### Recorded data

* * * *

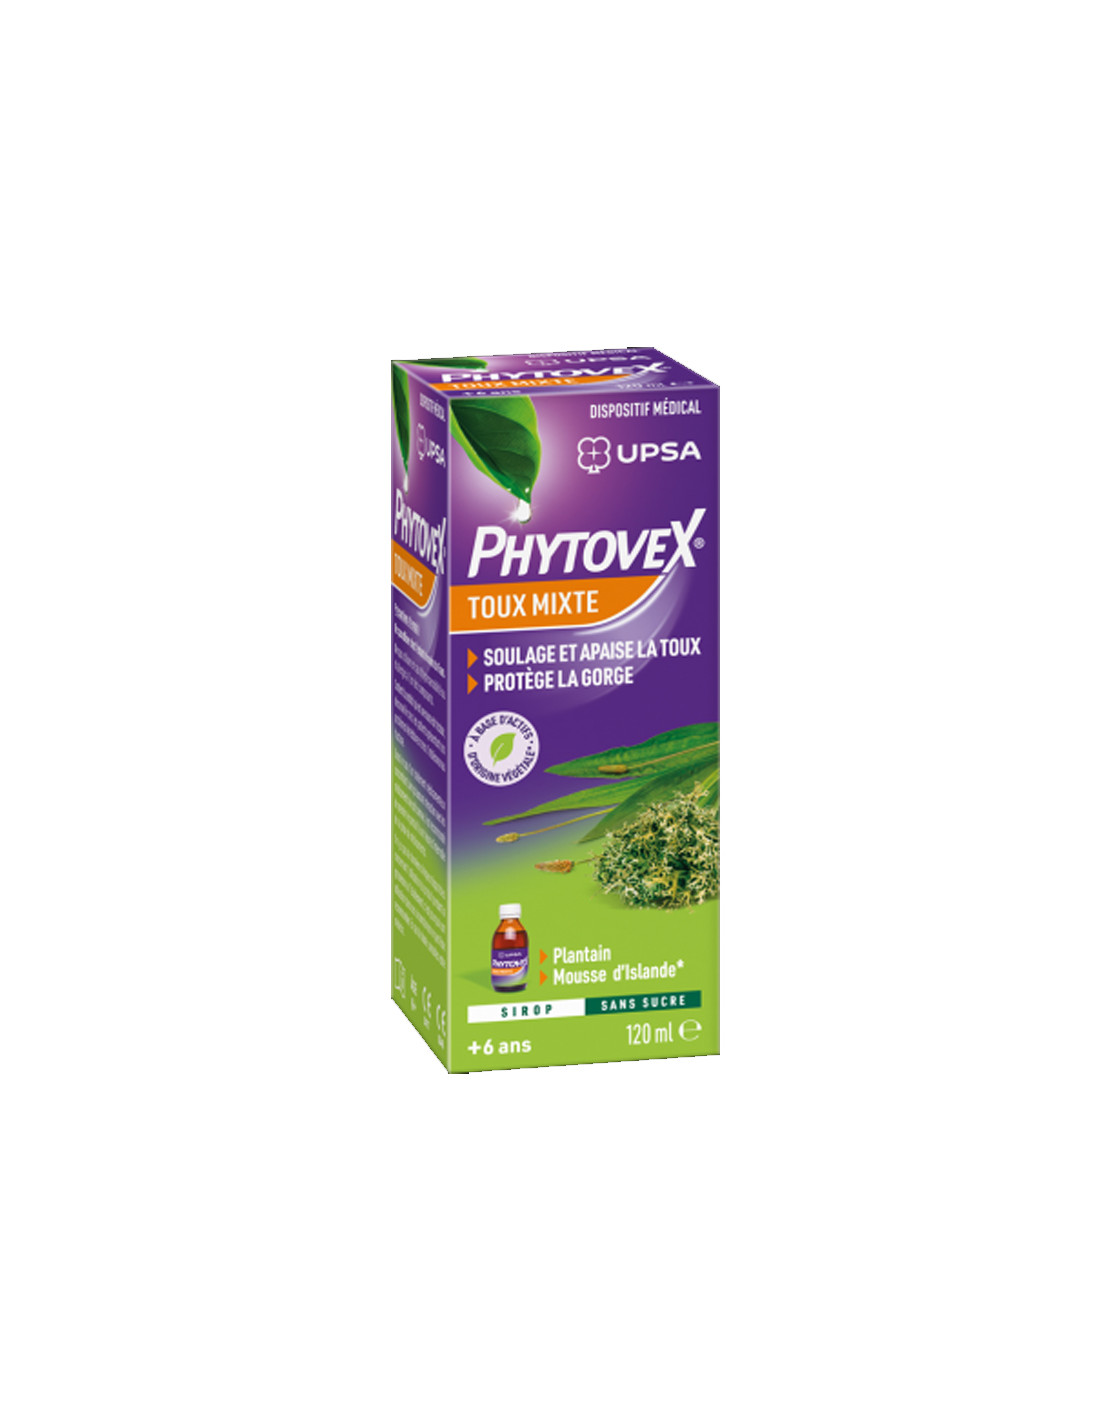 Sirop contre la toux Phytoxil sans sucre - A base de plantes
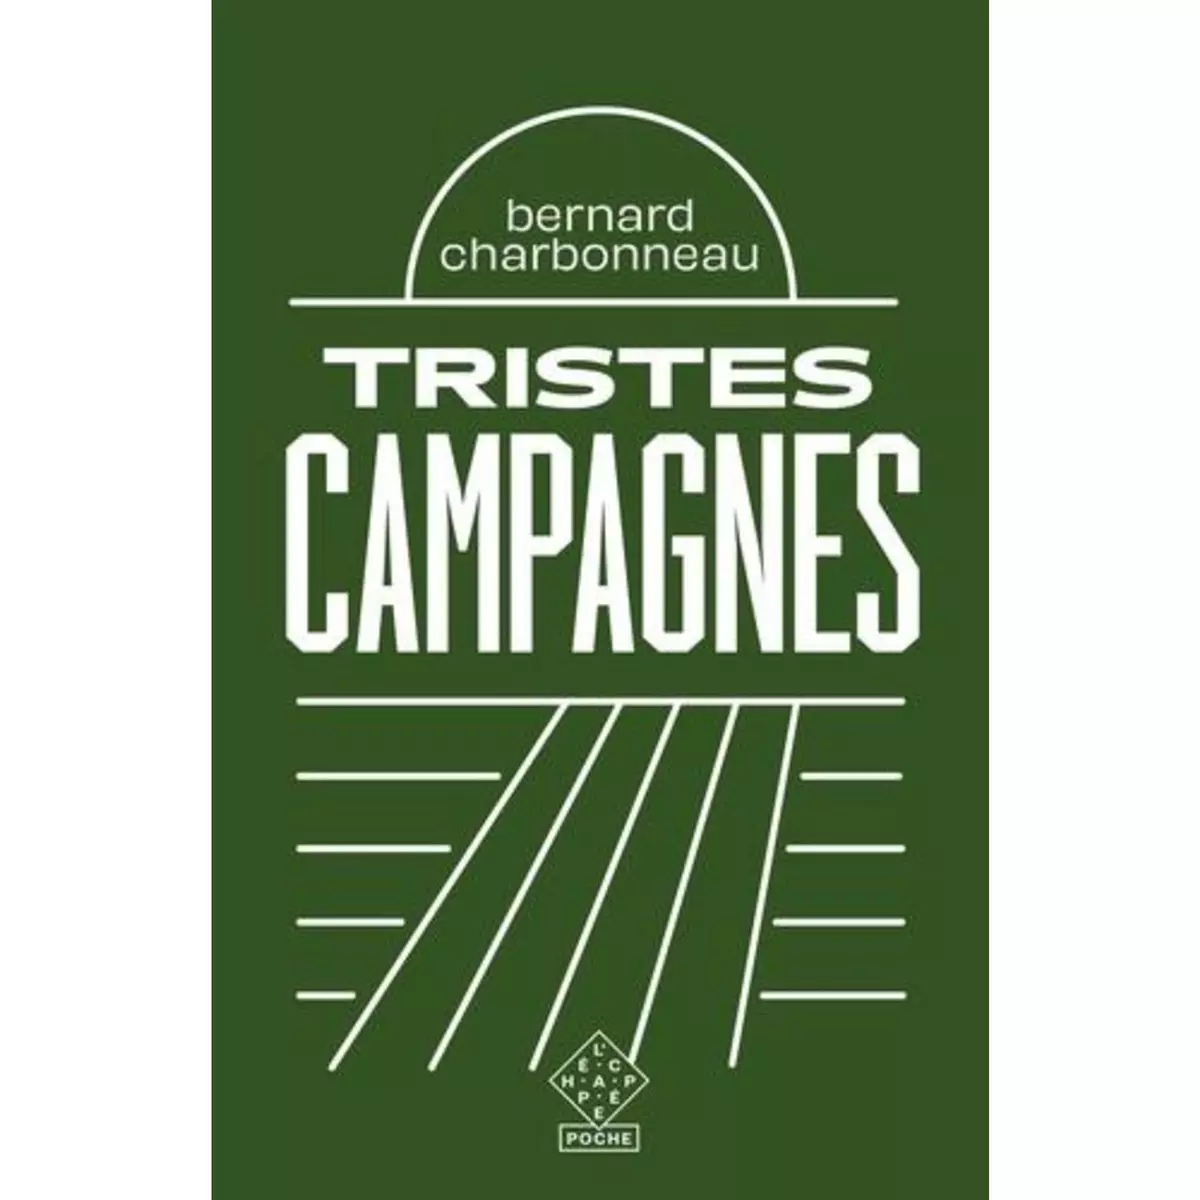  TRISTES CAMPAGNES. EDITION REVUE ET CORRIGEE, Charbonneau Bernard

* * * *

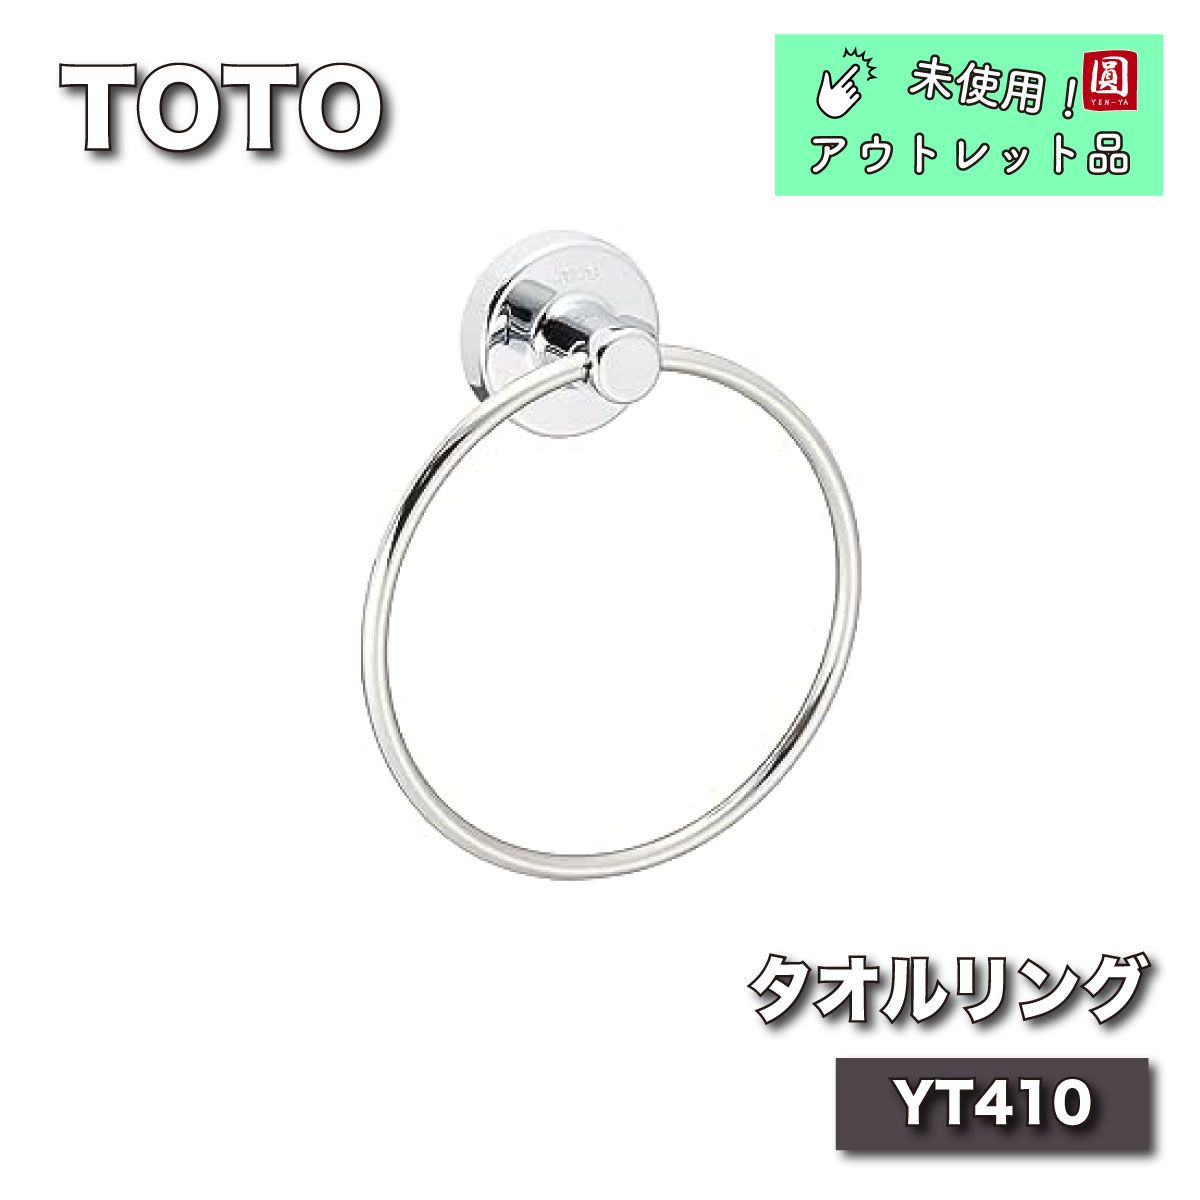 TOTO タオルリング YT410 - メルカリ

* * * *

### Assignment
Between and including the line above that contains "Sirop contre la" and the line that contains "TRISTES CAMPAGNES. EDITION", restate every line word for word. Pictures stay out.

### Answer below
 Sirop contre la toux Phytoxil sans sucre - A base de plantes
  TRISTES CAMPAGNES. EDITION REVUE ET CORRIGEE, Charbonneau Bernard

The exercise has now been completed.